The recommended treatment for severe
septicemic Melioidosis involves a combination of high dose intravenous ceftazidime
and trimethoprim-sulphamethoxazole for up to 2 to 4 weeks as the immediate form
of therapy , followed by an eradication phase with trimethoprim-sulphamethoxazole
or oral doxycycline for 12-20 weeks to prevent recurrences.(10)
There are no specific treatment guidelines for localized ocular Melioidosis.

The patients in this case series showed a good response with the standard
antimicrobial regimes used in combination with topical steroids, as there was
reduction of inflammation and clinical signs after a few days of intravenous
ceftazidime in all 3 cases.

 

The commonest form of presentation
of ocular Melioidosis is severe uveitis (which was seen in all 3 cases) and the
cases were isolated, without any obvious clues of risks or systemic findings.

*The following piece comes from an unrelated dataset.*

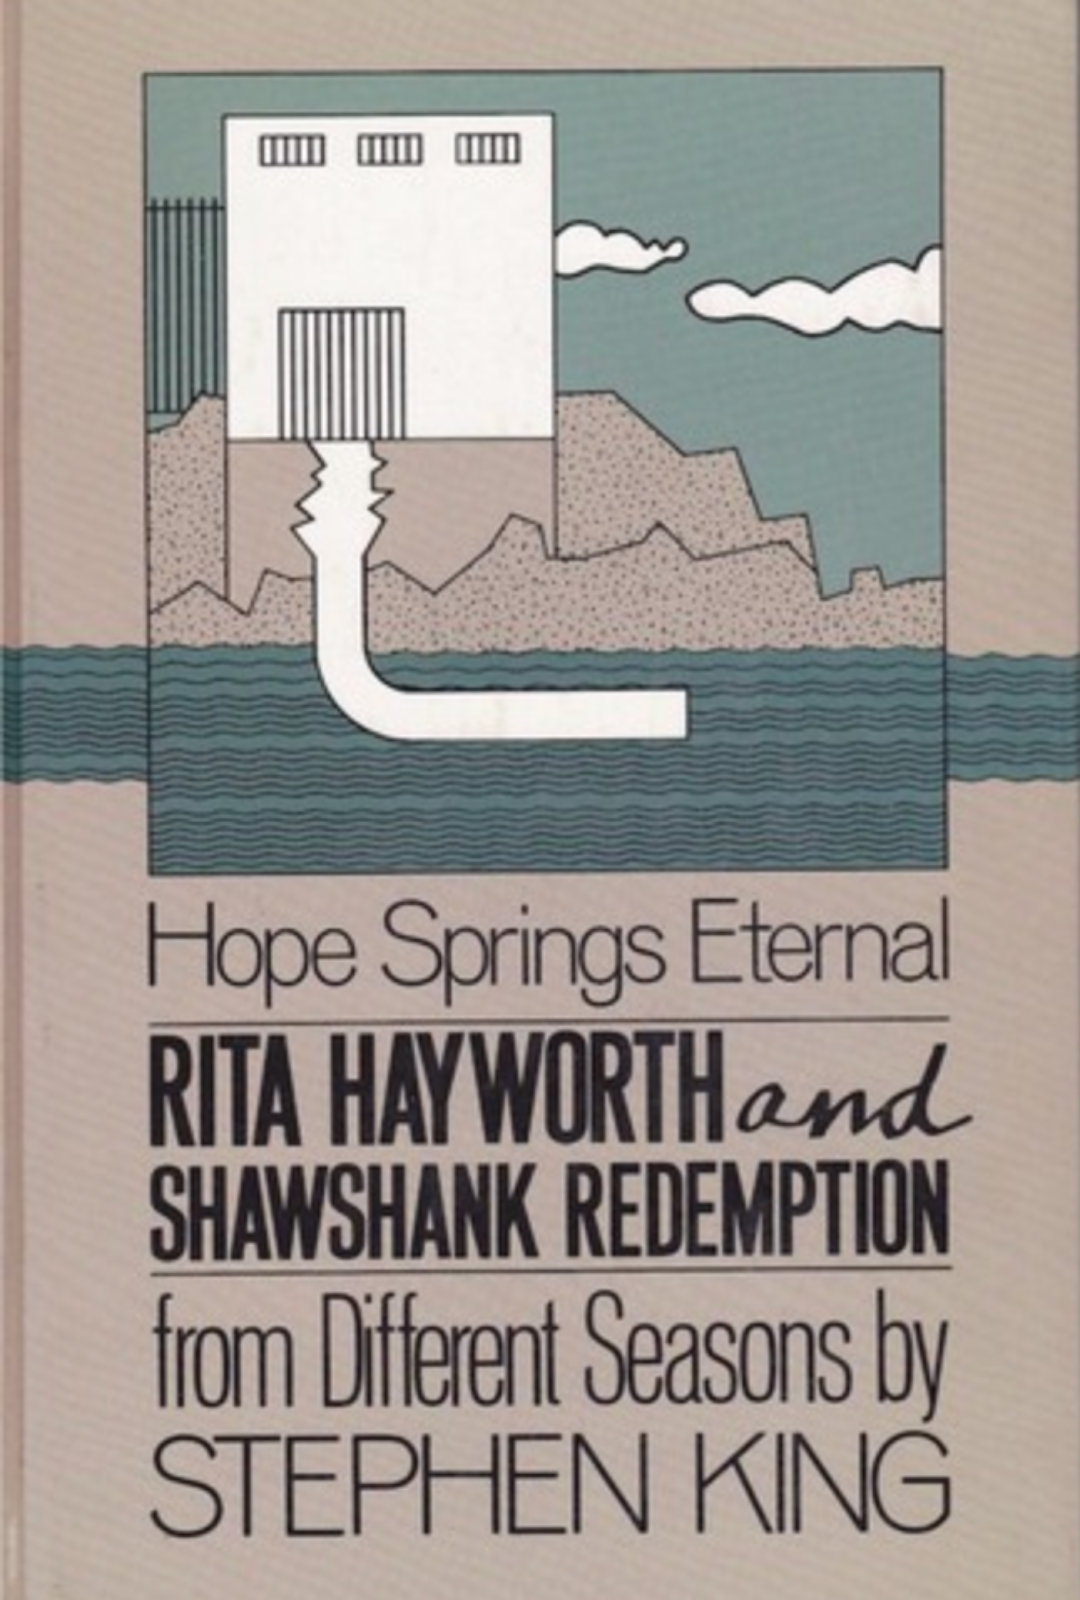 Shawshank-Redemption-book-cover-1080-1600.png

As ocular Melioidosis can occur in healthy individuals in endemic areas, it is
imperative to include Melioidosis serology as a routine blood investigation, as
a delay in diagnosis can result in poor visual outcomes, as seen in case 2.

 

Melioidosis is known in Malaysia
for the wide range of systemic infections and it remains a difficult infection
to diagnose given its many presentations. As with other forms of Melioidosis,
the ocular variant which is localized to the eye may present with various forms
of uveitis in a healthy individual. Early treatment can result in complete
resolution of infection with no sequelae.

 

Conclusion

Ocular Melioidosis is commonly
underdiagnosed in endemic areas and should be suspected in any severe form of
uveitis, especially those which do not respond to the initial treatment. Empircal
therapy can be initiated whilst awaiting confirmatory serological testing.